Далее, сэр Хьюберт. Здесь единственный возможный мотив — это страсть коллекционера. Такая страсть часто становится болезнью, и я не могу поручиться, что сэр Хьюберт не заражен ею. Он может пойти на многое, чтобы пополнить свою коллекцию. Но убийство?! И, опять же, временной фактор. Насчет вас я был особо пристрастен, но свидетельство горничной — неопровержимо; вы выкурили у себя в комнате две сигареты, да. У вас не было долгов. Деньги — это мотив большинства преступлений, и здесь он появлялся во всей красе. Я очень неохотно отказался от вас.

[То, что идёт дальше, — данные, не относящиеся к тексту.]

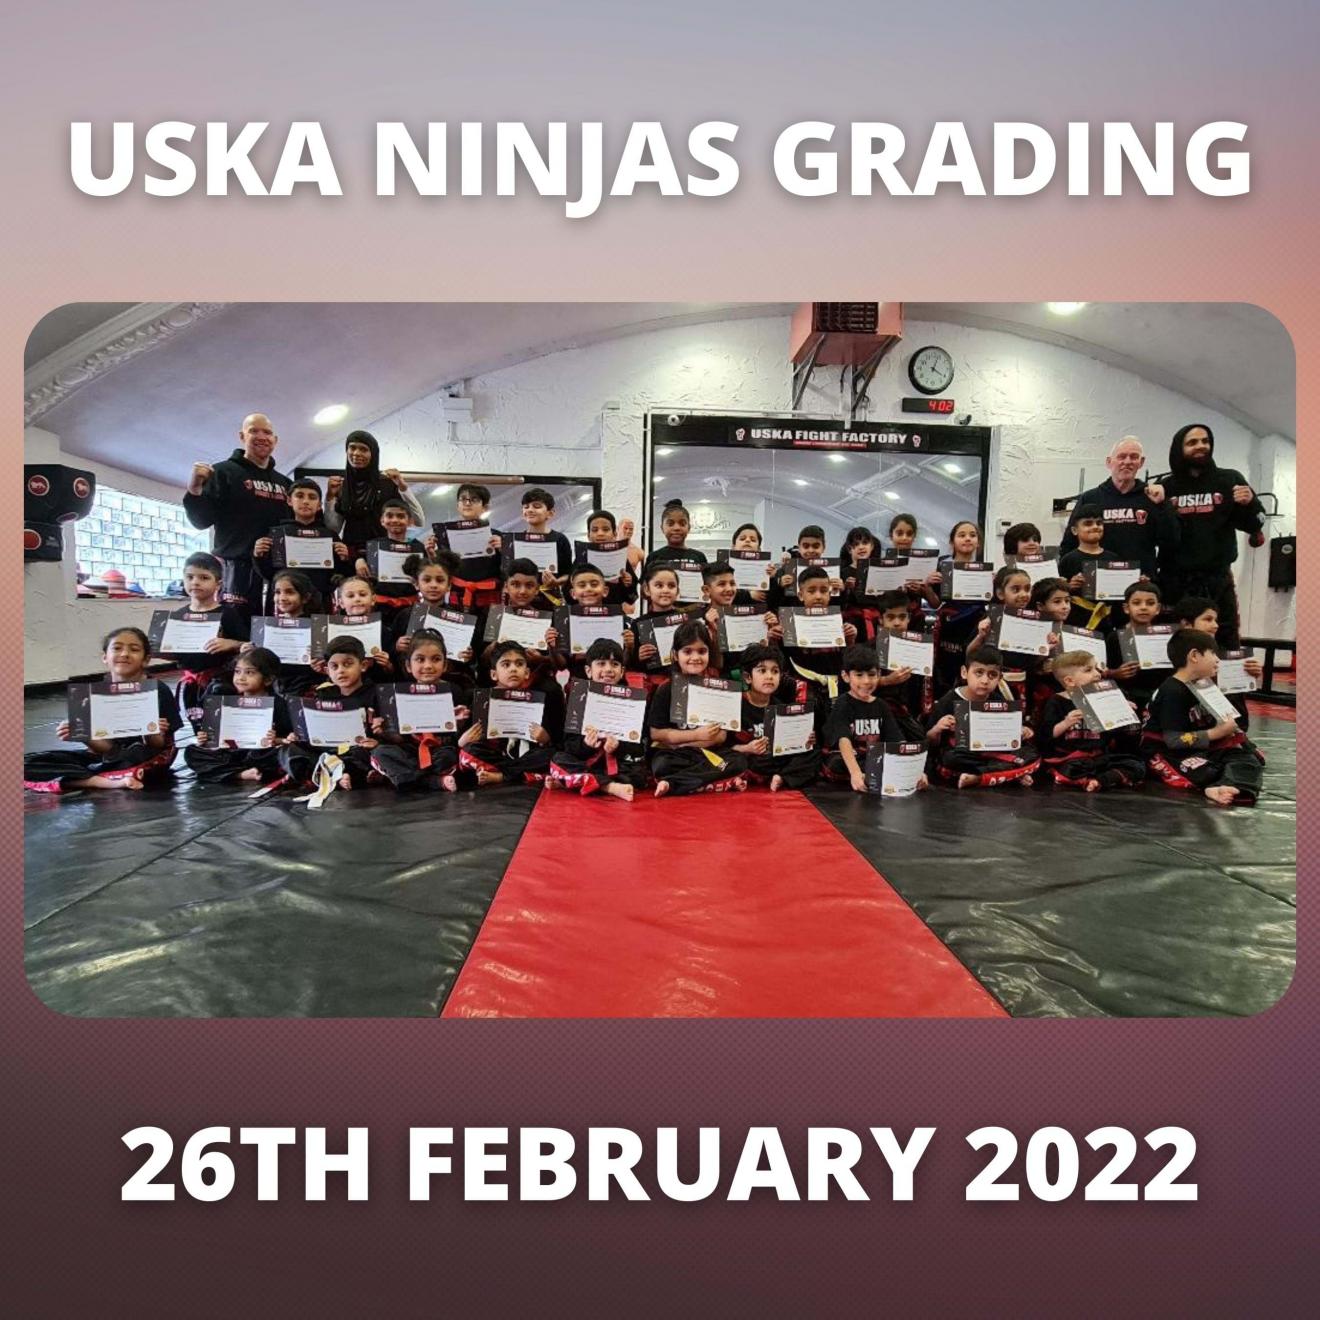 26-02-22 - USKA Ninja's Grading Success
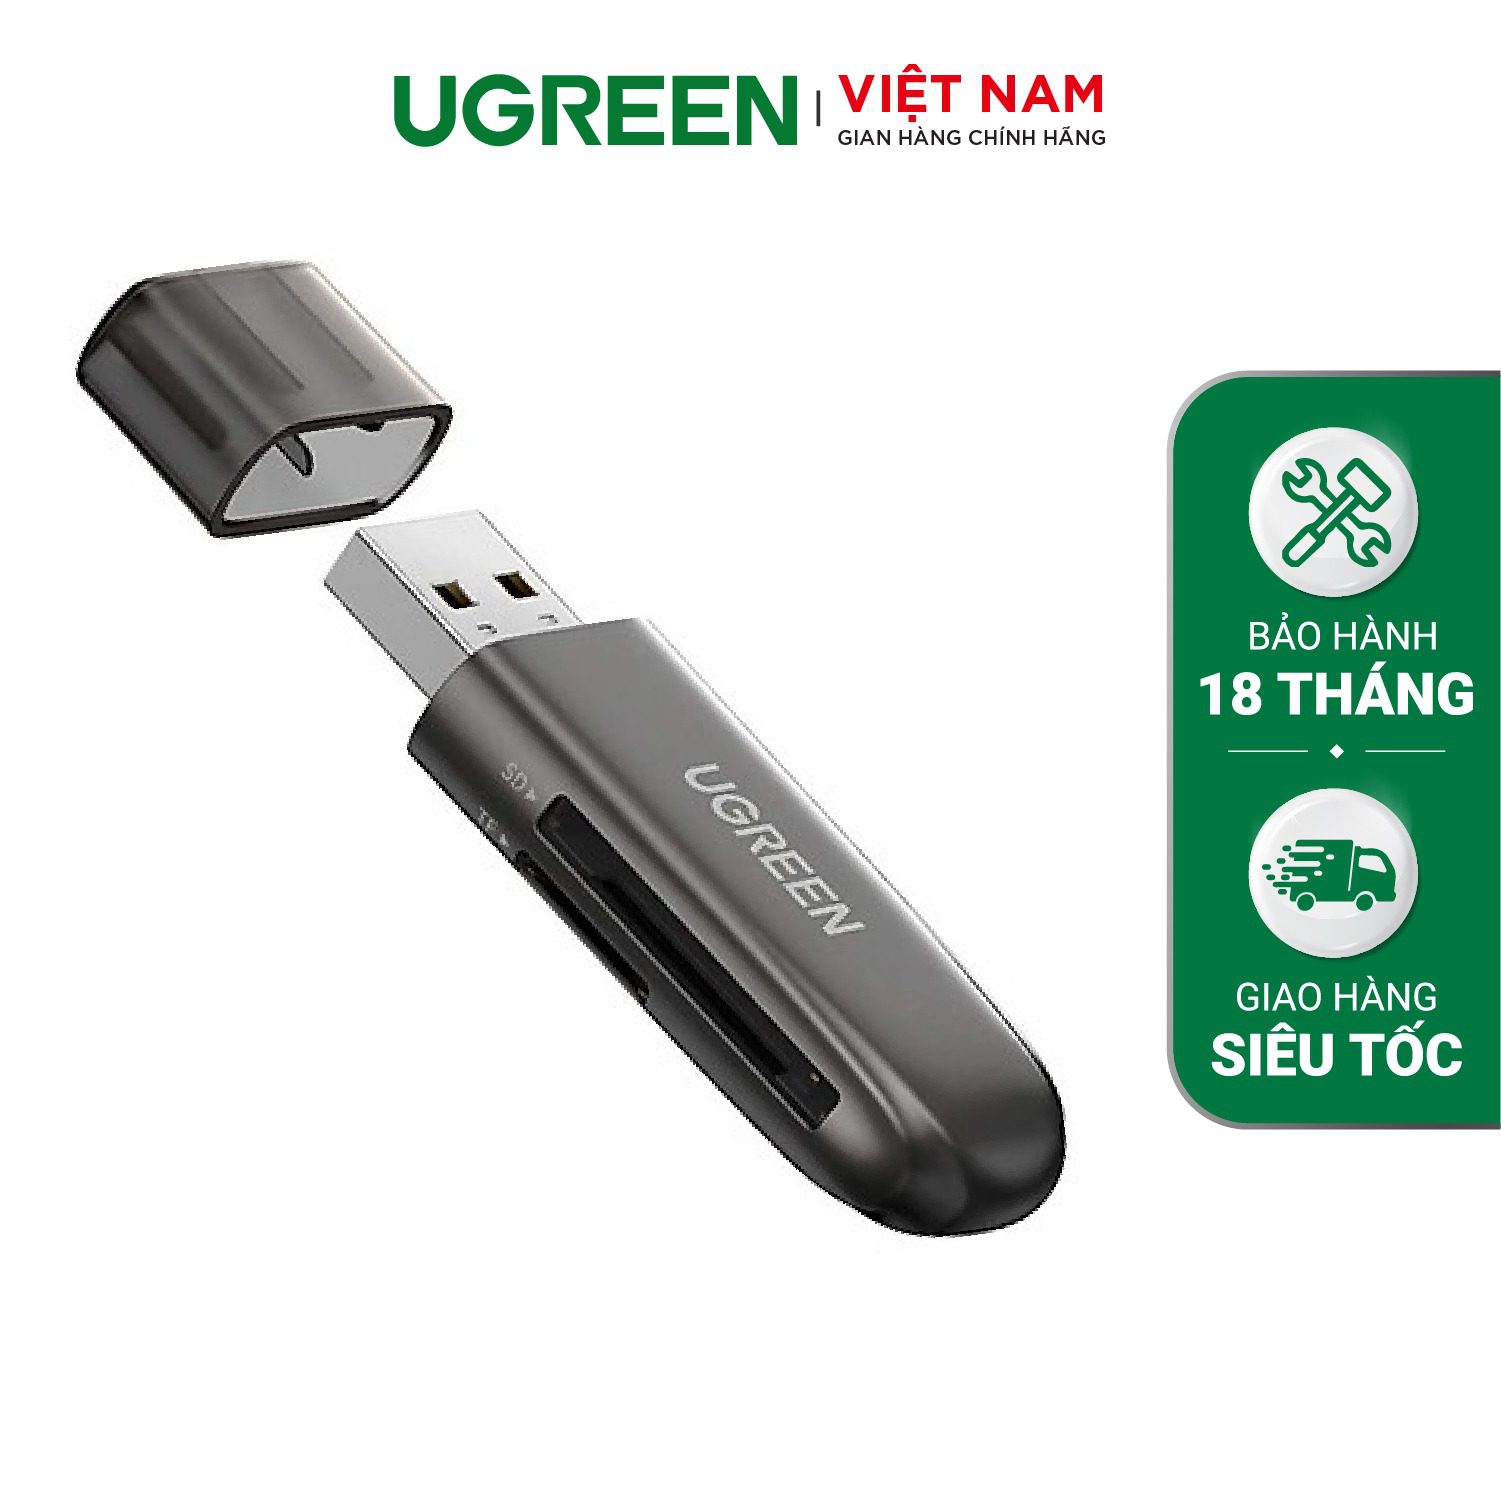 Đầu đọc thẻ Ugreen TF+ SD - Cổng USB 3.0 truyền tải tốc độ cao 5Gbps – Ugreen Việt Nam

Ну и так далее. Миссис Уайлд, которая после подслушанной вами и мисс Грант сцены оказалась во взвинченном состоянии, слишком мала ростом, чтобы совершить такое убийство. Мистер Уайлд открыл нам ее интересную фобию, относящуюся ко всяким ножам и лезвиям. Она была в долгах. Рэнкин оставил ее мужу три тысячи. И она сдвинула тело с исходной позиции — примечательный факт. Но она слишком маленького роста. Это снова заставило меня заняться изучением позиции нападавшего. Я поставил Банса на место Рэнкина, а сам встал позади него, у подножия лестницы. Стоя на нижней ступеньке, я не мог достать до него, будучи убежденным, что жертва стояла у подноса с коктейлем. С пола даже я вряд ли смог бы нанести тот удар, на который указывало положение кинжала. Так где же стоял нападавший? Как он подобрался незамеченным так близко? Каждый раз я, казалось, утыкался в тупик. Мы, конечно, получили все ваши отпечатки пальцев, осмотрели каждый дюйм стен и перил. На рукоятке кинжала отпечатков не было. Наконец мы сделали еще одно открытие. Среди путаницы отпечатков на набалдашнике внизу перил были слабые, но различимые отпечатки, оставленные двумя руками, вцепившимися в него сверху. Левая рука отпечаталась умеренно четко, но правая — совершенно иначе. Это был любопытный отпечаток, оставленный рукой в перчатке, которая надавила достаточно сильно, чтобы отпечатались швы перчатки и, местами, ее крупнозернистая поверхность. Это были неважные отпечатки, но мы сняли с них достаточно четкие оттиски, чтобы предположить, что это были правая и левая рука одного человека. Их расположение было странным. По ним представлялось, что человек стоял спиной к перилам, неуклюже выгнувшись назад над их изогнутым концом. Самая невероятная поза, если только… — Аллейн помолчал.